А придумала Геля вот что. Нарезанного хлеба на столах всегда было много – и чёрного, и белого, к завтраку иногда даже батон давали. Так вот, она предлагала завтра в столовой не торопиться, есть медленно, чтобы задержаться там как можно дольше, а когда зал опустеет, набить хлебом свои топики спереди, в районе груди, и таким способом скрытно вынести его.
– Подумаешь, размерчик чуть побольше станет, этого никто и не заметит, вот увидите, – уверяла она нас, сверкая глазами, в которых отражался свет уличного фонаря. – Если не верите, давайте проверим!
Рита, оно и понятно, наотрез отказалась от такого спорного эксперимента, Поля тоже:
– У меня от страха пот выступит, я не хочу потом потный хлеб есть…
Нам с Гелей ничего не оставалось, как только взять проведение опыта на себя.

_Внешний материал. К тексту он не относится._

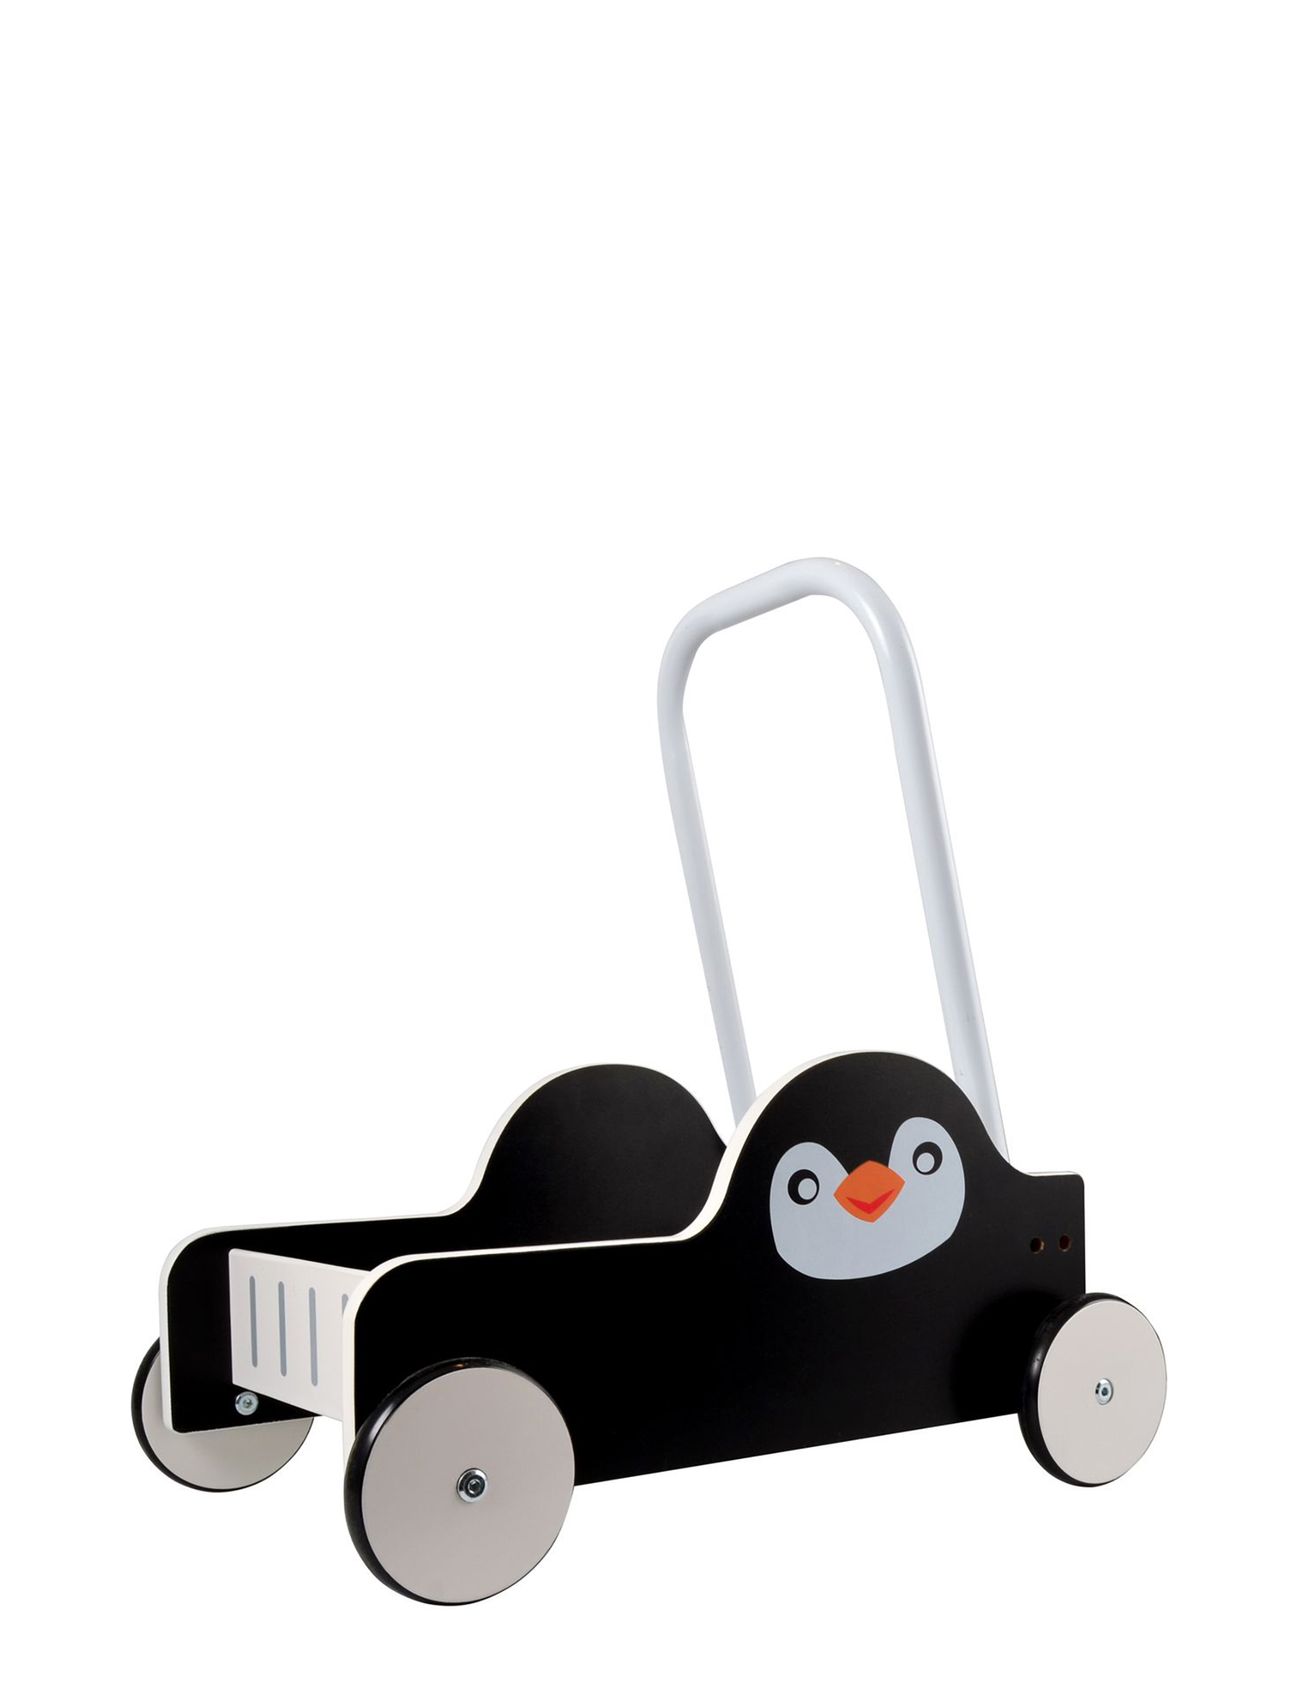 Magni Walker Cart Penguin Toys Baby Toys Push Toys Black Magni Toys

С той мыслью и заснули, наконец.
На следующий день план был исполнен. Всё шло гладко, мы намеренно засиделись за столом после обеда, остались в зале почти одни – не считая дежурных, собиравших грязную посуду на дребезжащие тележки. Выждав удобный момент, Геля быстрым и точным движением засунула горбушку черного себе в декольте, потом ещё ломтик, и ещё. Чуть поправила, взглянула на меня: ну что, мол, здорово получается? «Норм», – кивнула я, хотя на самом деле смотрелось не очень: бугристо. Но не могла же я отступить, оставив подругу одну в таком вот неудобном положении. Поэтому не стала долго думать, схватила сразу по два куска белого и засунула их под свой топик справа и слева. Хлеб, к счастью, был свежий, крошки не кололись и почти не щекотали.

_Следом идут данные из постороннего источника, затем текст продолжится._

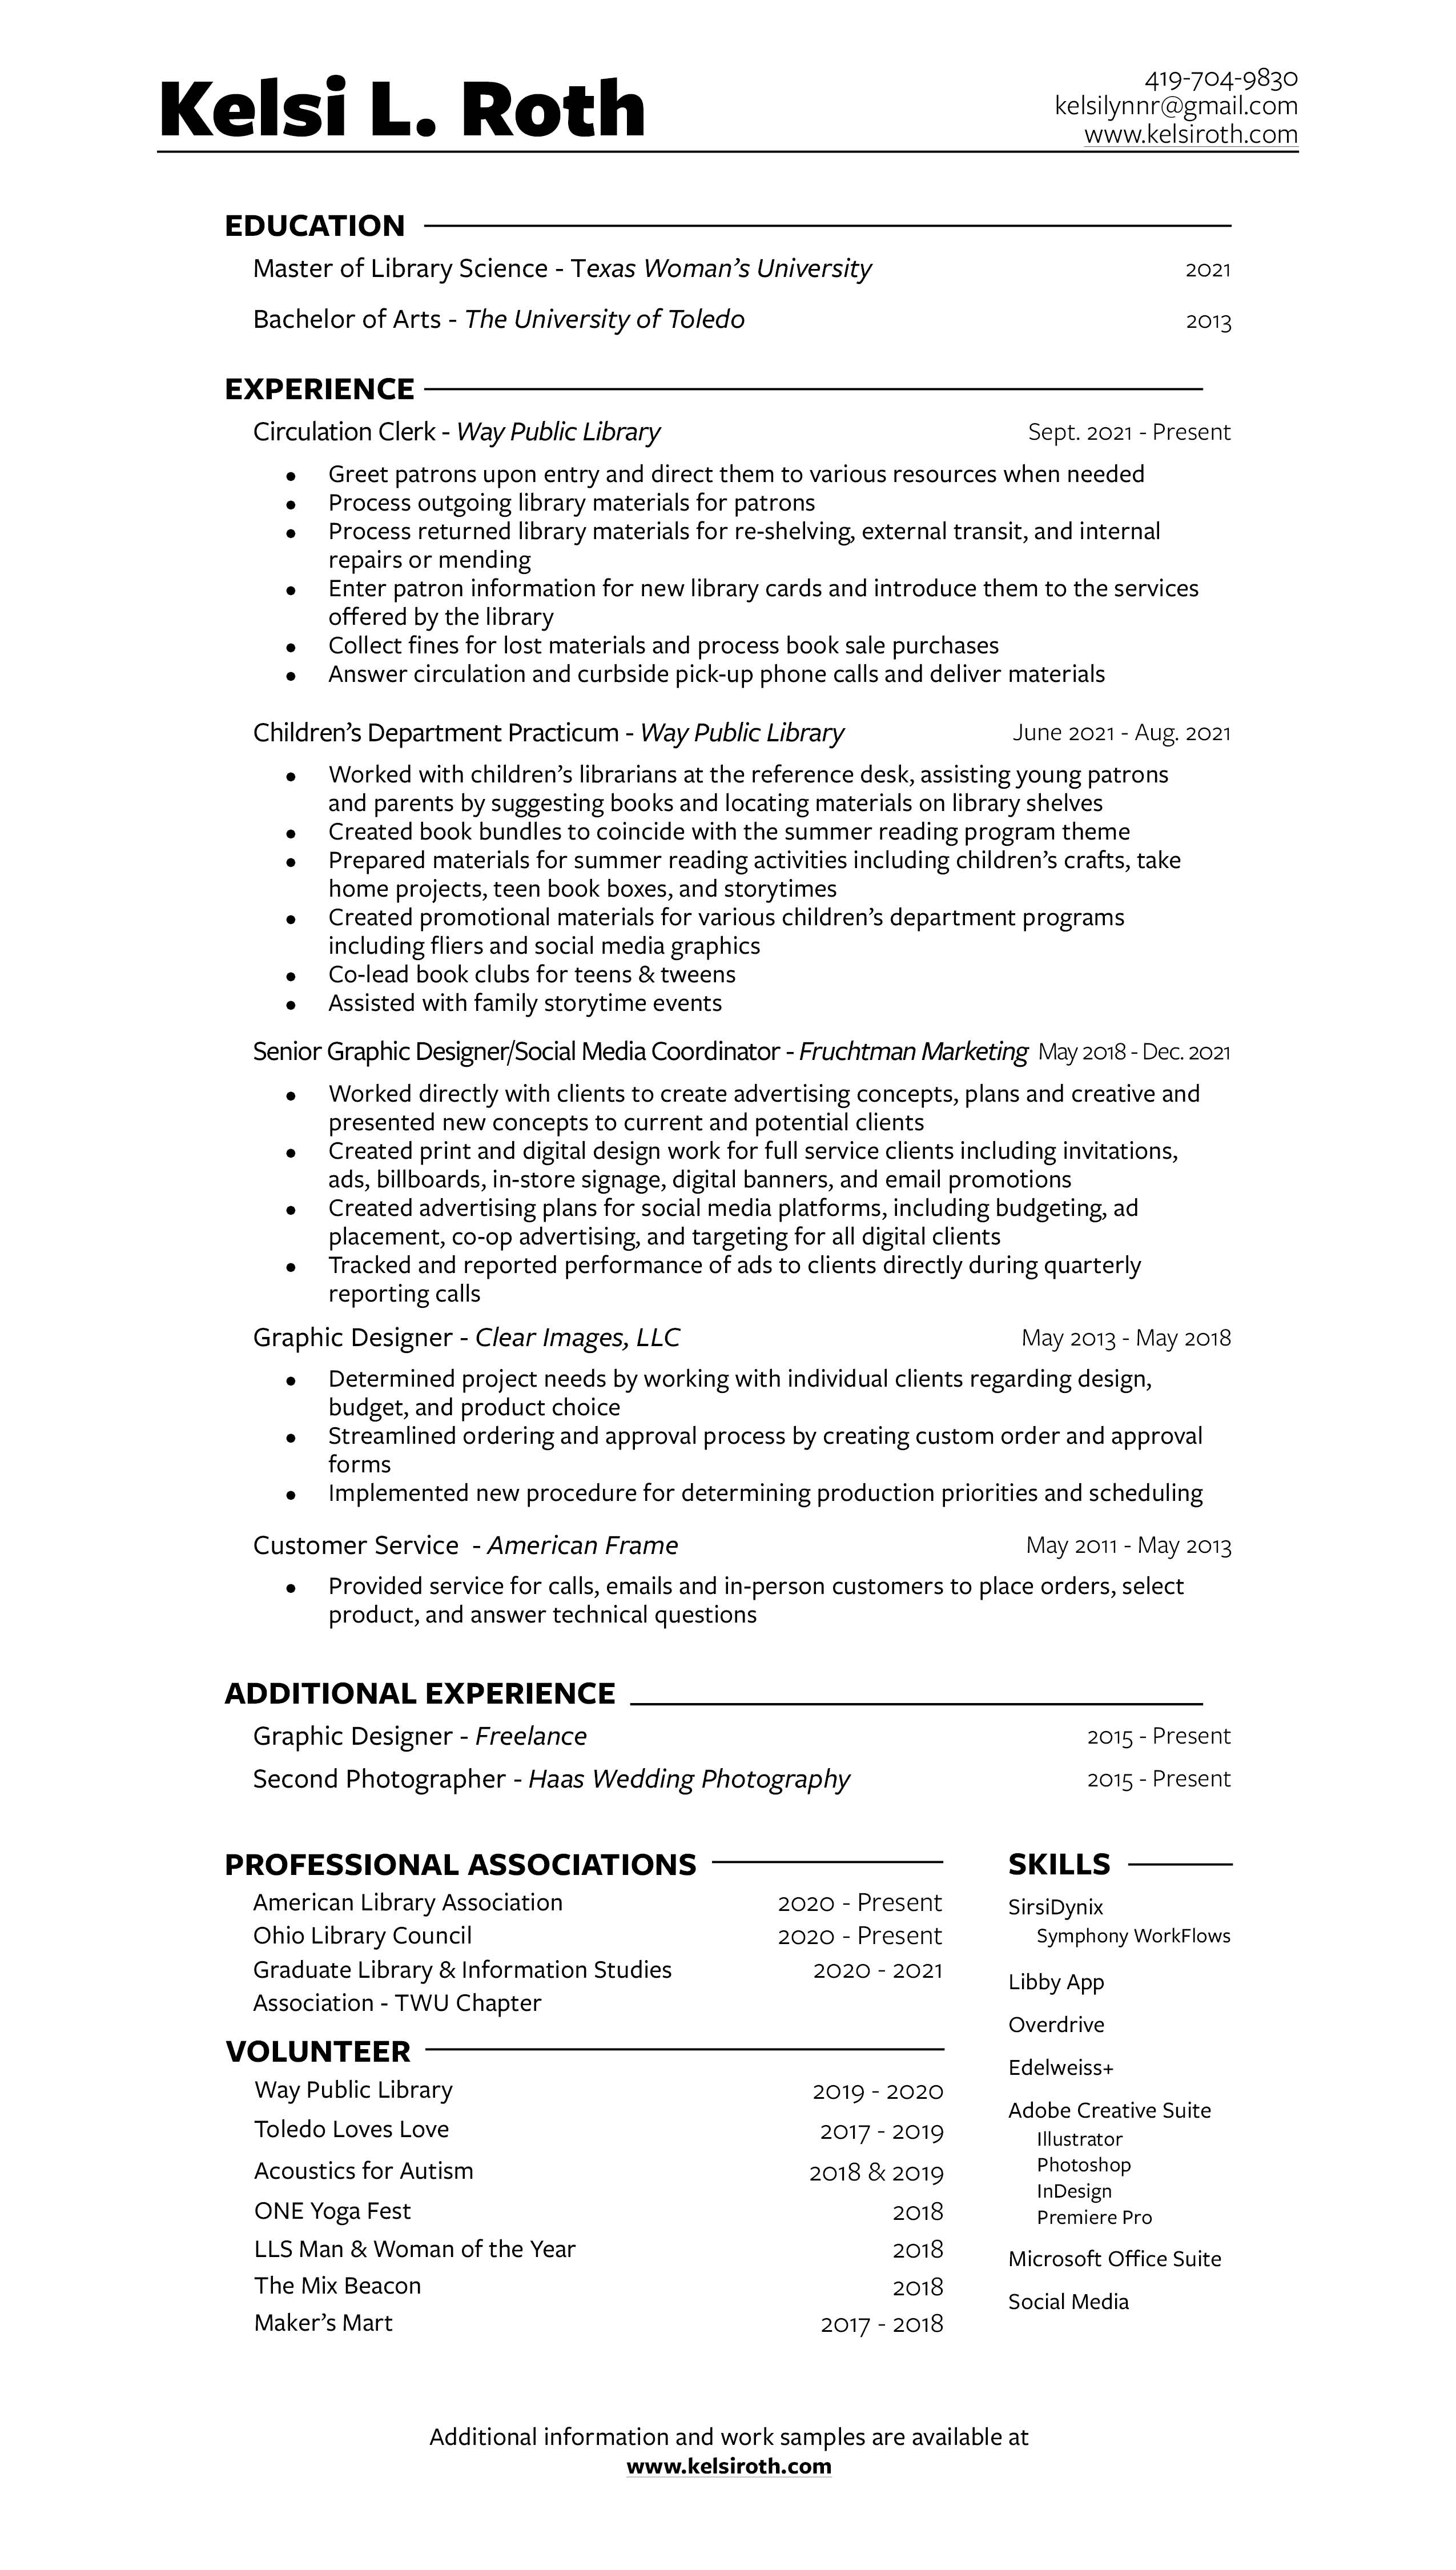 124-kelsi-roth-resume-2021---website.jpg

Тут надо сказать, что фигура моя в почти тринадцать лет была ещё далека до идеала. Гелька – та, да, выглядела уже как вся такая из себя цаца. А я – нет. Ну, вы поняли. Поэтому появившиеся у меня спереди благодаря хлебу выпуклости были совсем даже не лишними. Выставив их, я гордо пошла к выходу. Геля следом. И надо ж было такому случиться, что на крыльце столовой нам повстречался (кто бы вы думали?) Иван Петрович! Он стоял, о чём-то беседуя с вожатыми, и, как специально, в то самое время, когда мы вышли из дверей, остановил свой блуждающий взгляд прямо на нас.

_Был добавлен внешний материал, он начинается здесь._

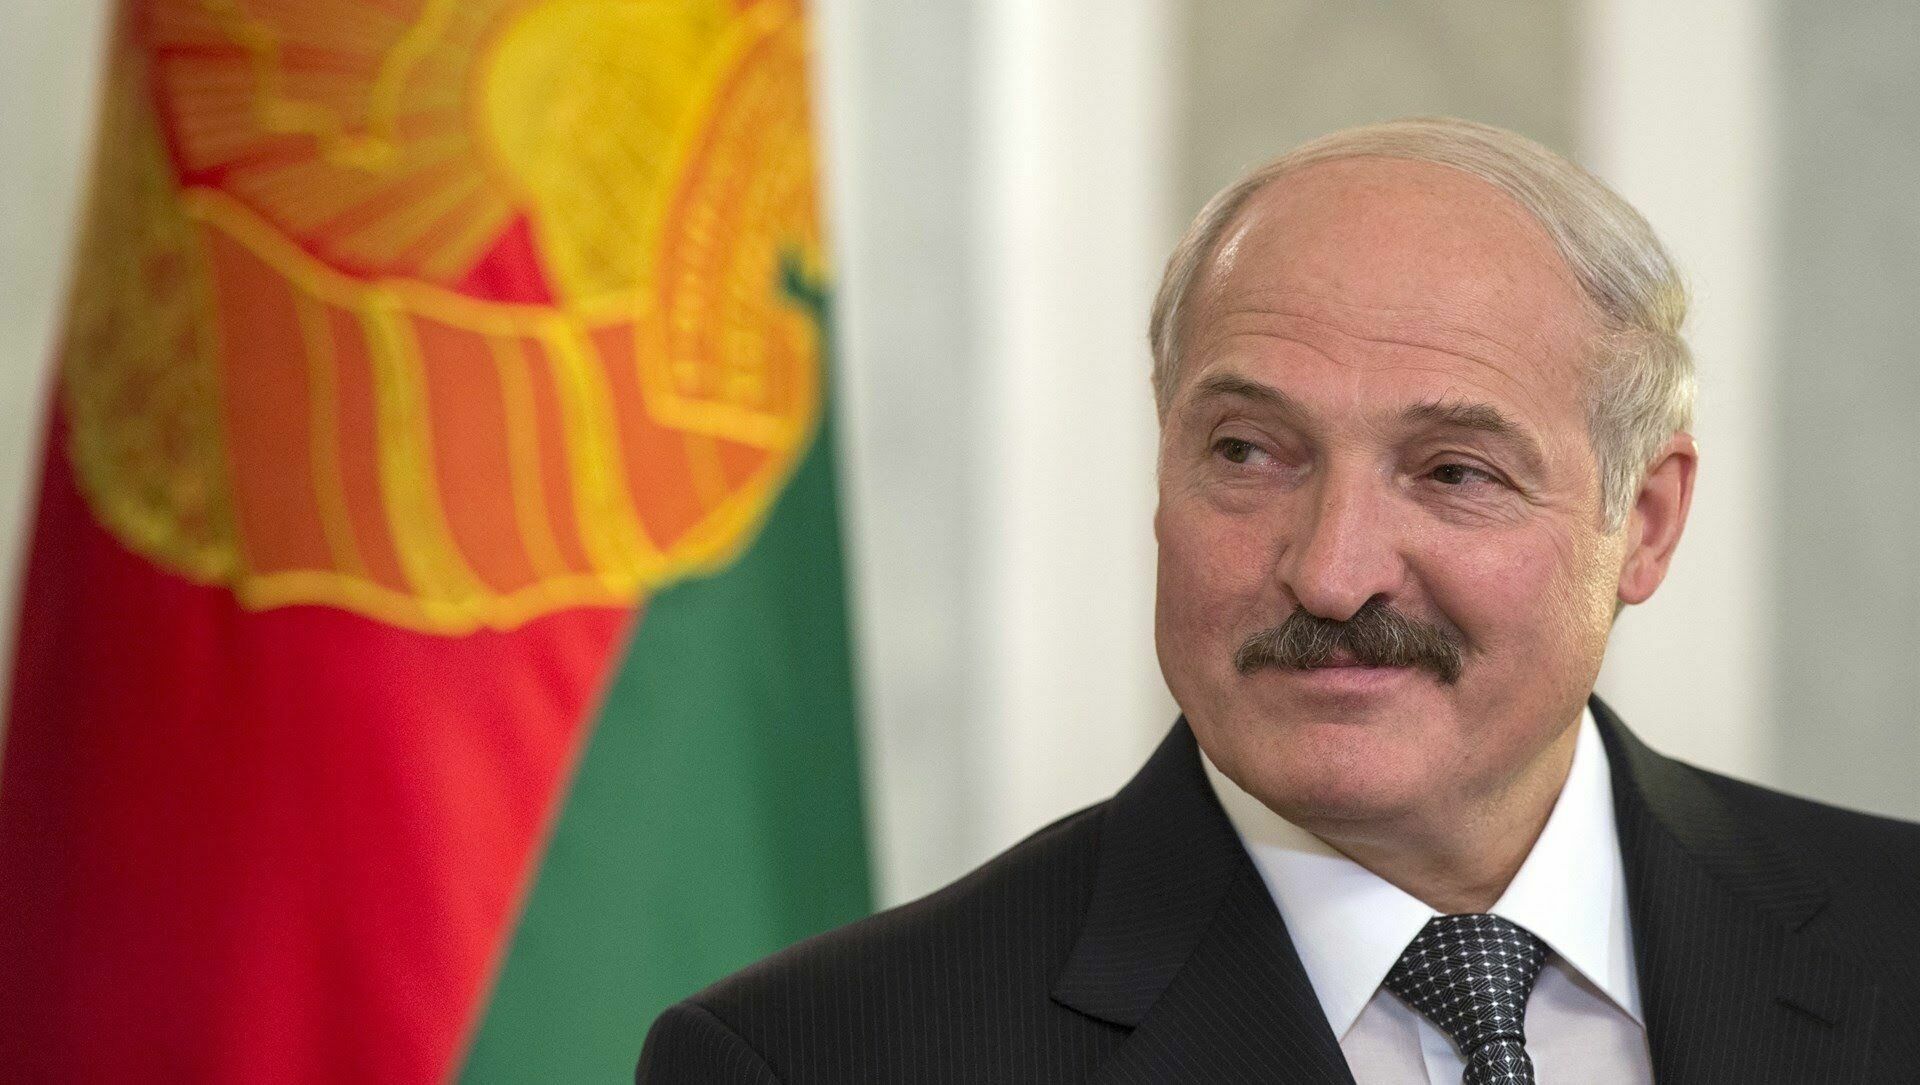 Лукашенко нужны женщины в парламенте, чтобы мужики "не дурили"

Мы же, вместо того чтобы как можно скорее исчезнуть из его поля зрения, оторопели, застыв на месте. Наши лица, на которых в тот момент, наверное, было написано чистосердечное признание во всех преступлениях мира, заставили его присмотреться к нам повнимательнее.
– Елизавета, – сказал Петрович тихо, но с хорошо различимым укором в голосе, – этих товарищей, – он показал на нас кивком головы, – прямиком к директору…
В общем, догляделся и догадался. У директора мы с Гелей сначала подверглись пристрастному допросу о причинах, заставивших нас засовывать хлеб под бельё. Потом была пытка нудной лекцией о связи между хлебными крошками и появлением в жилых корпусах ползающих насекомых. Выговорившись, ТэКа как будто смягчилась и, позвонив по телефону, распорядилась, чтобы на сонник в столовой детям выдавили не только кефир, но и хлеб, оставшийся с предыдущих приемов пищи.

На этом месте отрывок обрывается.